What to do: The line with "Vampirella Vol. 1 #1969" starts the range, and the last line of the listing ends it. Retype that range exactly, without pictures.

The data:

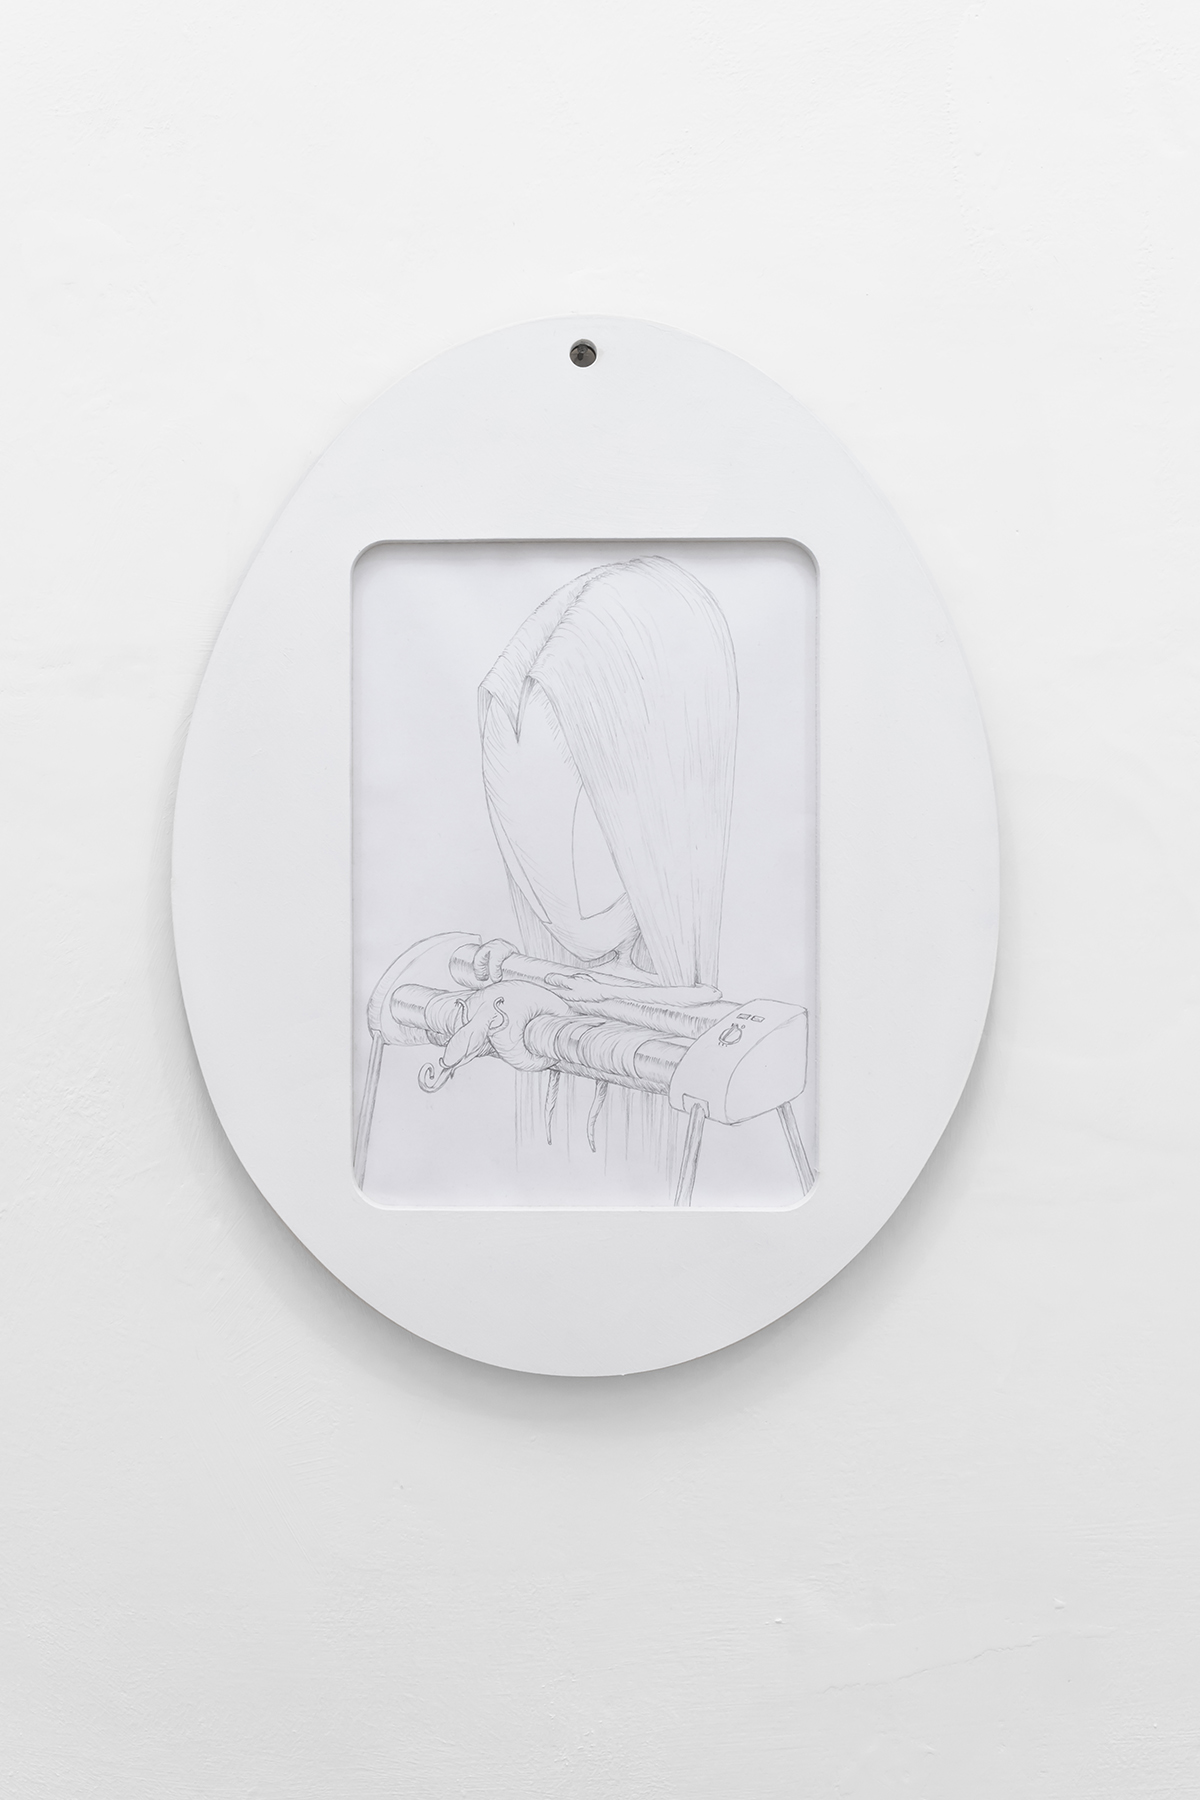 Thomas Hämén, Indolent approval, 2017, Graphite on paper, artist made frame. 39 x 30 cm.
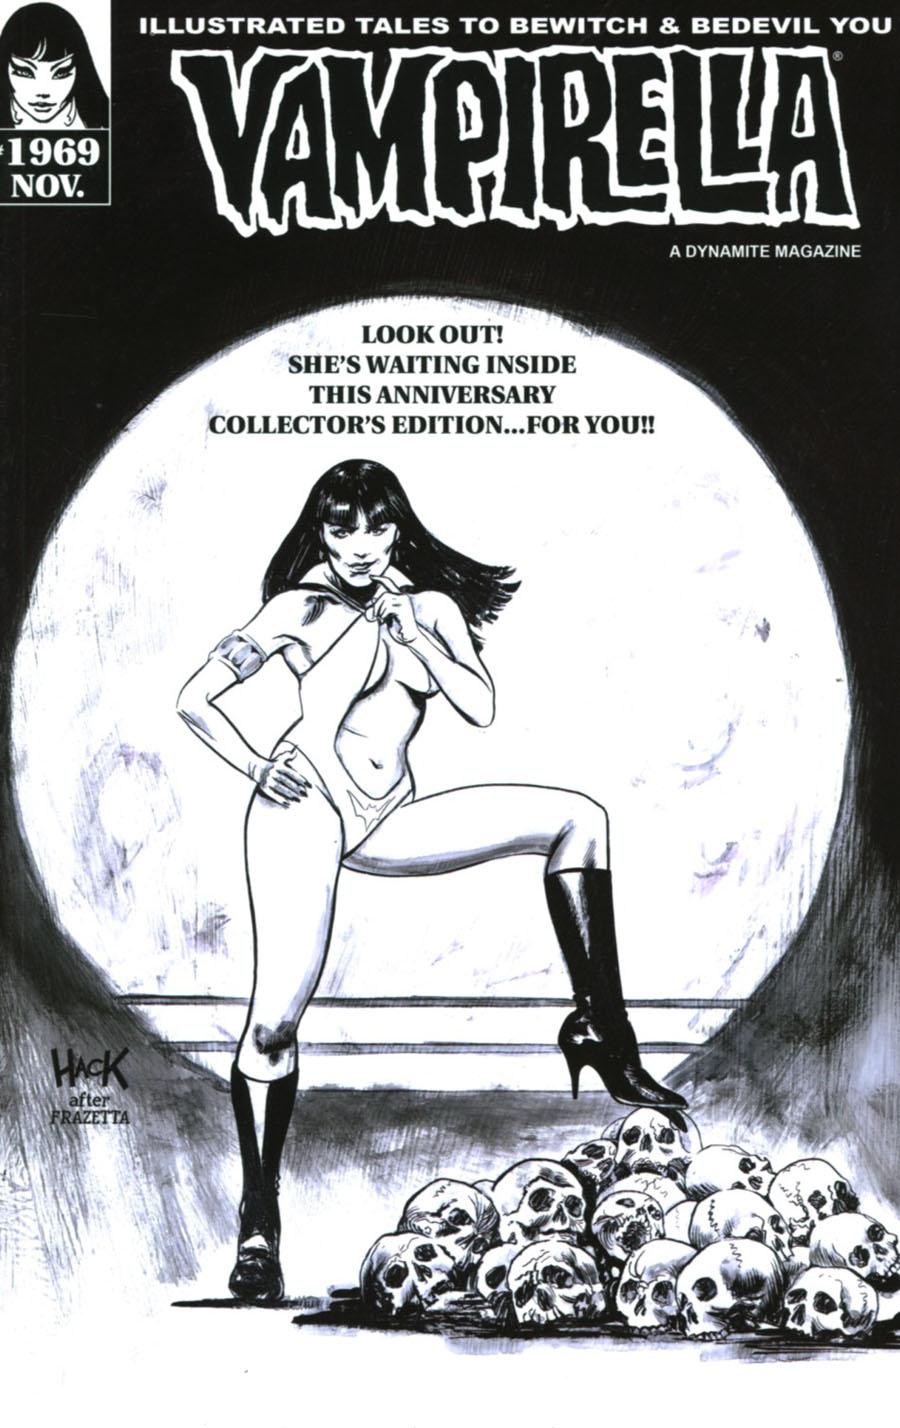 Vampirella Vol. 1 #1969
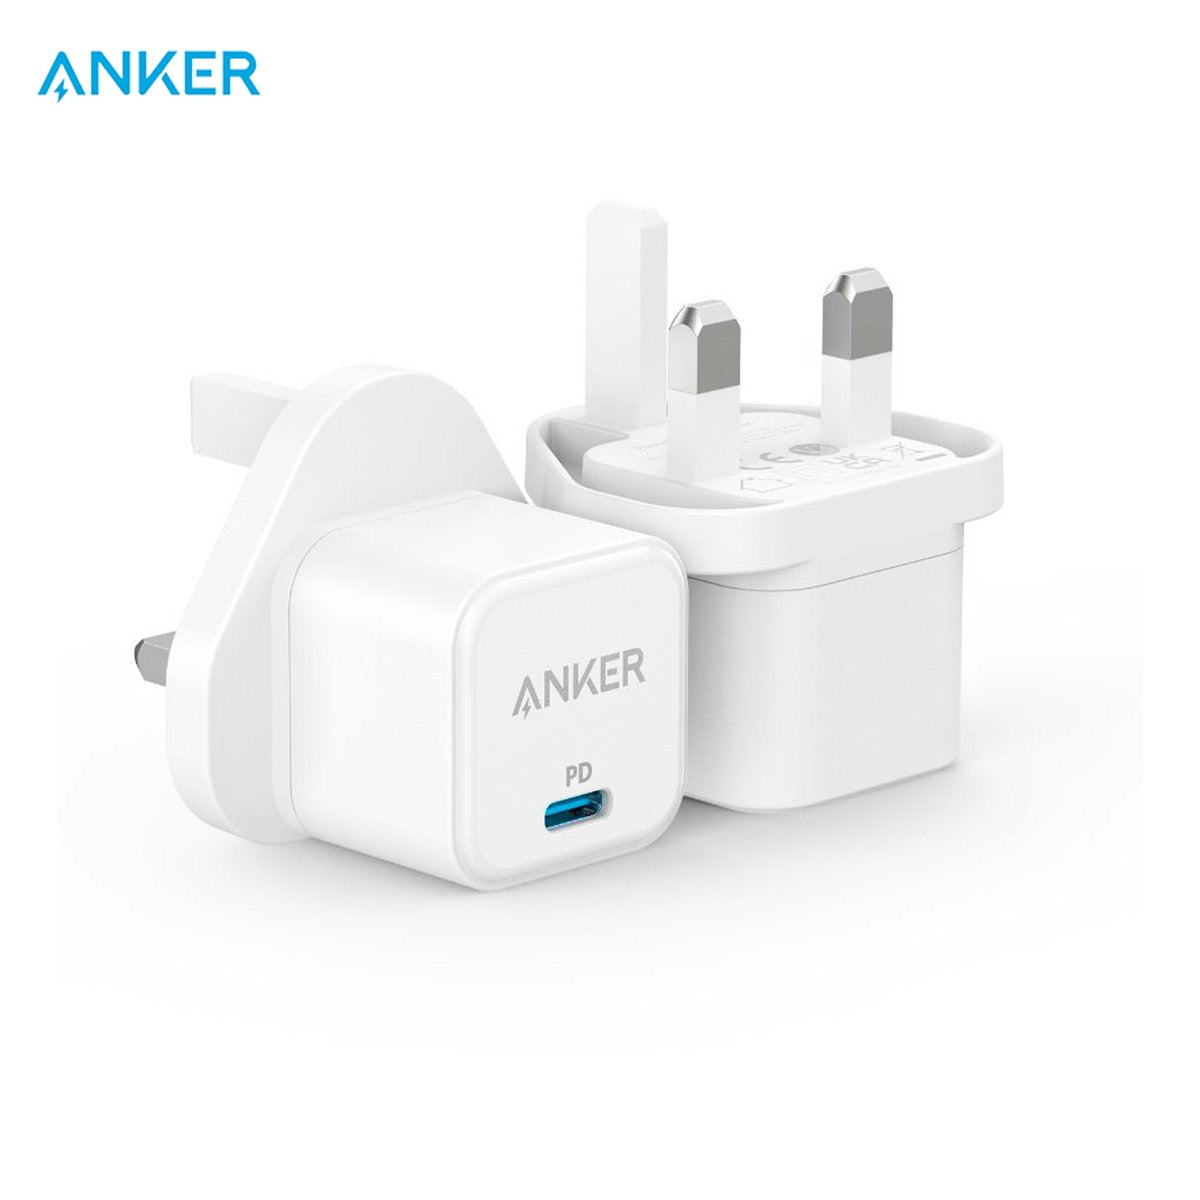 anker USB c port high speed mini charger
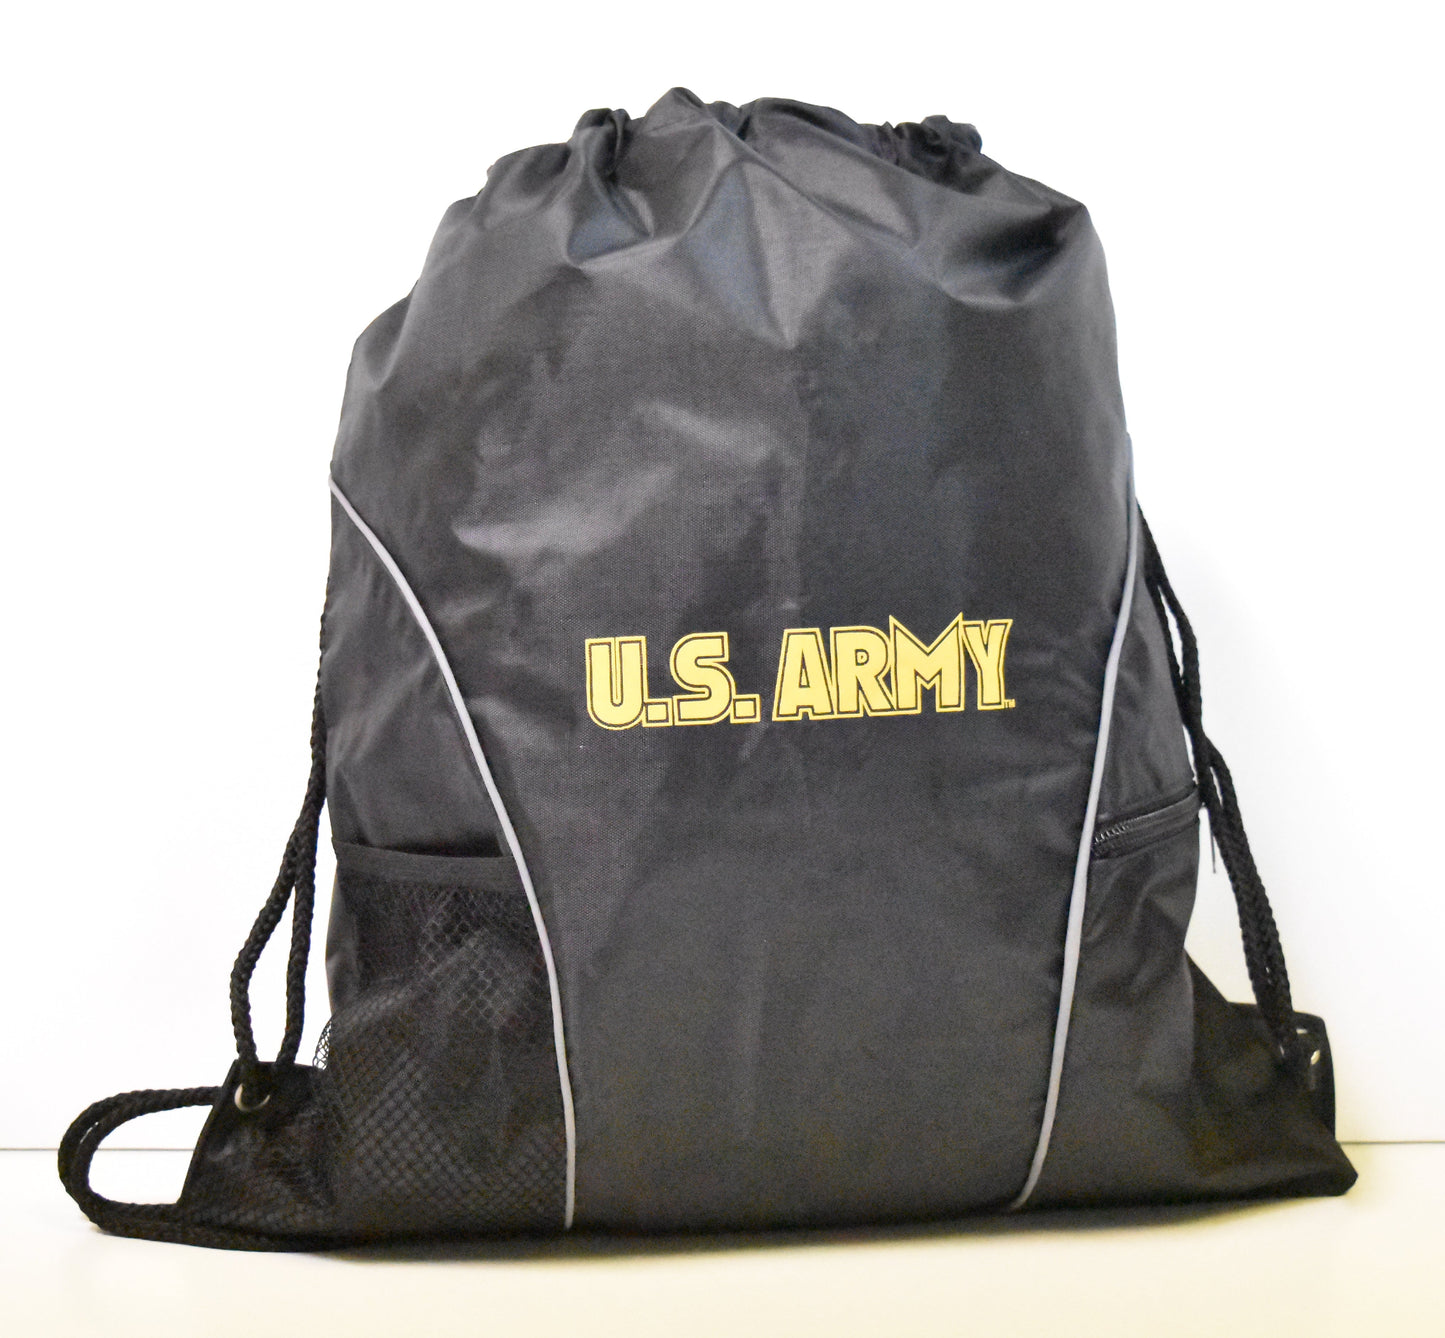 Cinch Pack U.S. Army Black with Drawstring

Result for this task:
 Vampirella Vol. 1 #1969
 anker USB c port high speed mini charger
 Cinch Pack U.S. Army Black with Drawstring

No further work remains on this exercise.